According to the World Health Organisation, cardiovascular diseases (CVDs), particularly atherosclerosis, are considered the leading cause of death worldwide [kaptoge2019world] although they are preventable [mcgill2008preventing]. Prevention requires screening by means of a non-ionising and inexpensive imaging modality. Ultrasound (US) imaging has these characteristics and is routinely used to explore the common carotid artery (CCA), which is often considered as the sentinel of atherosclerosis [rizi2020carotid]. An early sign of this disease onset is the arterial wall thickening.

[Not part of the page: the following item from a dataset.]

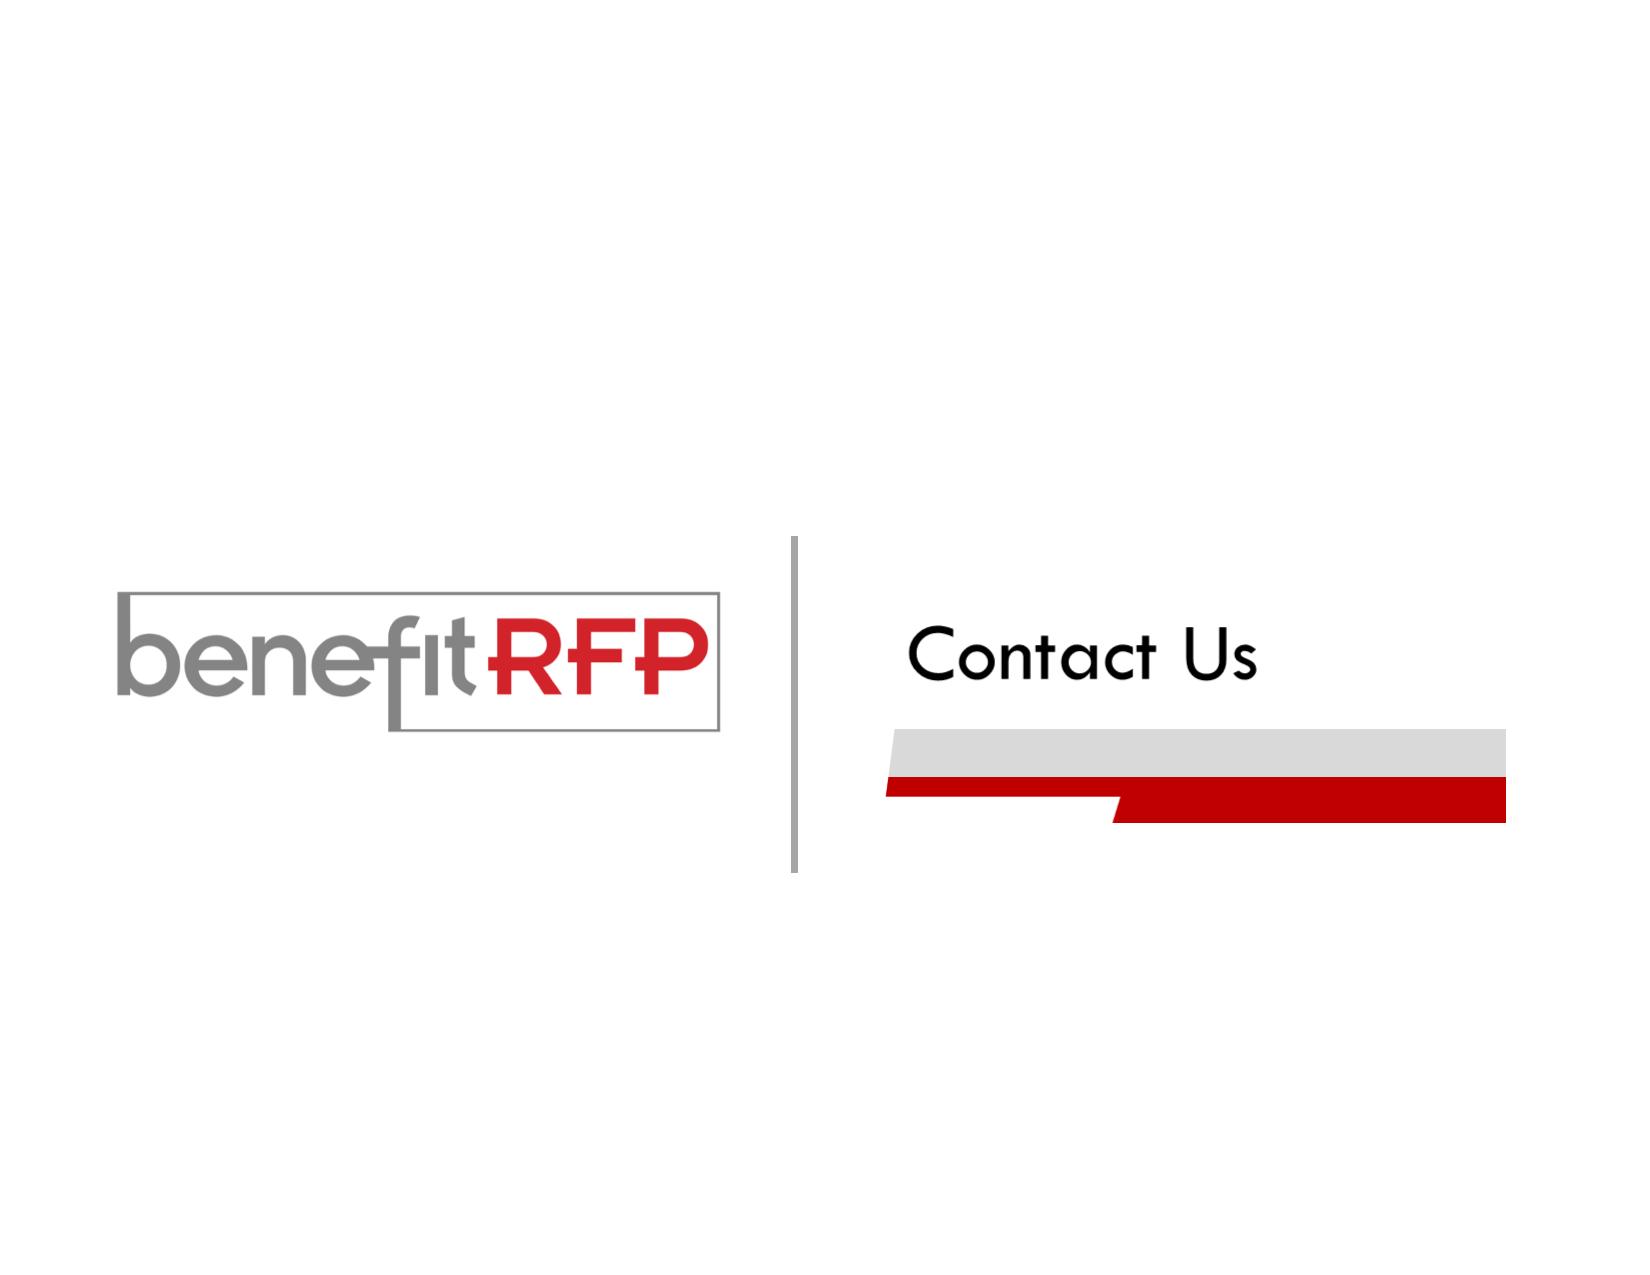 website banner contact us.png

To measure the thickness of interest, the contours of the intima-media complex (IMC), namely, lumen-intima (LI) and media-adventitia (MA) interfaces, need to be identified (Fig. 1).
The majority of methods in the literature use contour-based approaches [delsanto2007characterization, loizou2007snakes, zahnd2017fully, raj2020automated] to exploit the intensity peaks caused by the echoes at the interfaces, named double-line pattern. Region-based approaches are less used and combine despeckling with threshold-based segmentation [nagaraj2018segmentation, wang2020fully].
Recently, deep-learning (DL) has been successfully used in vascular US-image segmentation to enhance the structures of interest prior to the actual delineation by more conventional contour-based methods [menchon2016early, qian2020segmentation, shin2016automating]. The drawback of these approaches is the necessity to combine a learnable pre-processing operation with an analytic segmentation task.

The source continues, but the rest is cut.